Department of Mathematics
University of Maryland
"Structure Peserving Numerical Methods for Nonlinear Partial Differential Equations Modeling Complex Fluids"
Nonlinear partial differential equations (PDEs) emerge as mathematical descriptions of many phenomena in physics, biology, engineering, and other fields. No unified mathematical theory is available as of now, and showing existence and uniqueness of solutions to nonlinear PDEs is often challenging. Their solutions can develop singularities of various type, such as shock waves, rapid oscillations, and blow-ups.
This complex behavior complicates the task of developing numerical methods to approximate nonlinear PDEs. Good numerical schemes should be stable and efficient but at the same time capture the true physical behavior and singularities that the solution may display.

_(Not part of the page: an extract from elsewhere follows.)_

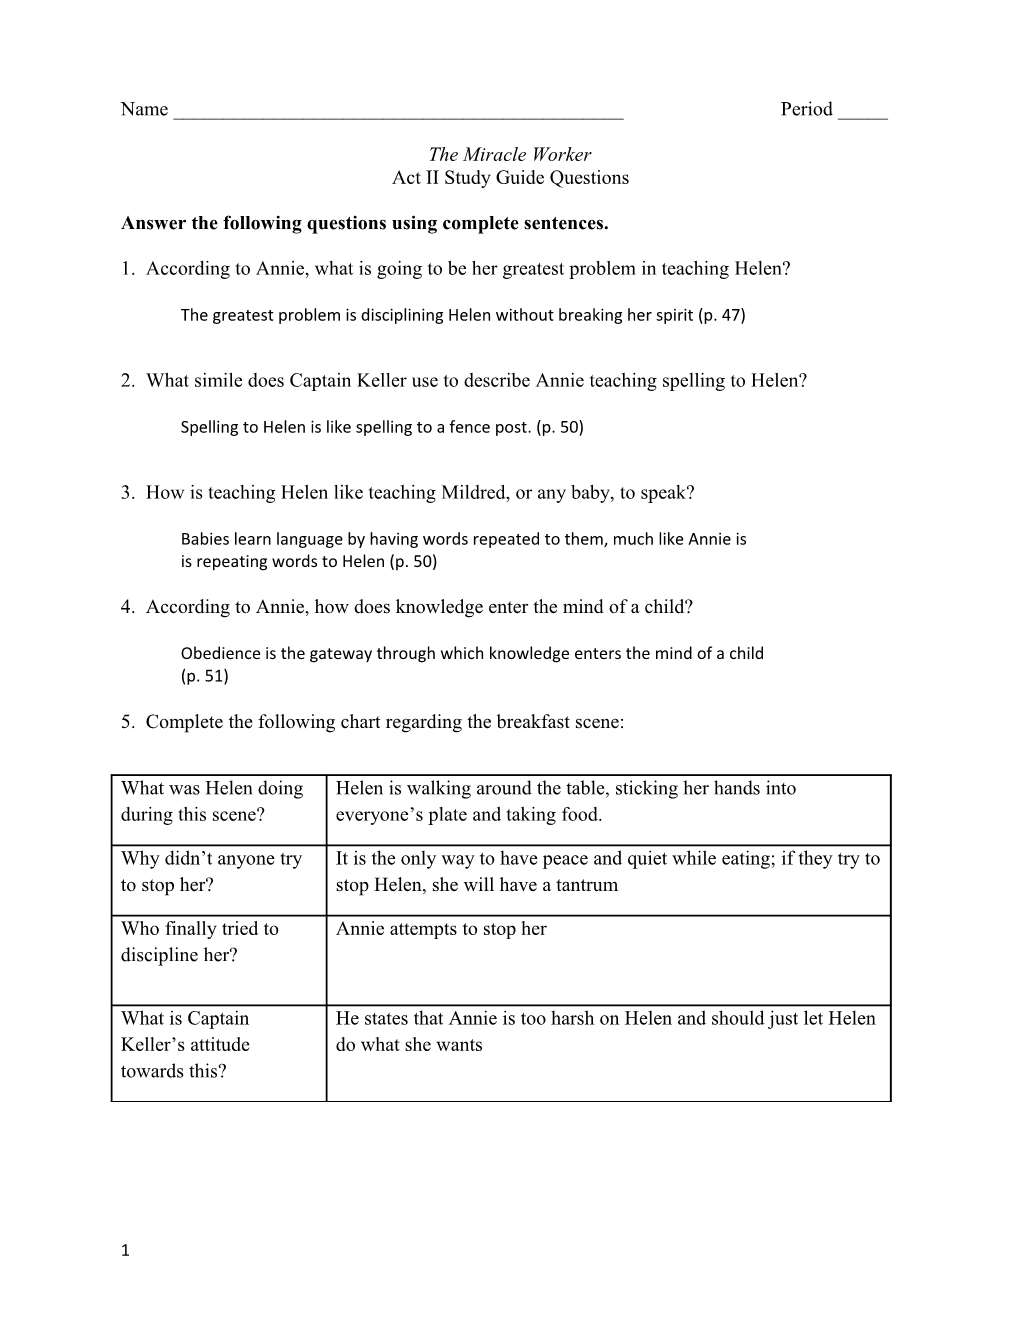 MW Act 2 Study Guide 2014 With Answers

To achieve this, it is crucial to mimic properties that the continuous solution of the PDE has – for example, physical constraints or energy balances – at the discrete level.
In this talk, we will examine the procedure of constructing numerical methods that preserve the underlying structure of the solution to the PDE at the discrete level at the example of some nonlinear PDEs modeling complex fluids. In particular, we will focus on numerical methods for nonlinear PDEs that arise as simplified models for liquid crystal dynamics and the Rosensweig model for ferrofluids (magnetically conducting particles in a carrier fluid). We will also prove that these numerical methods converge.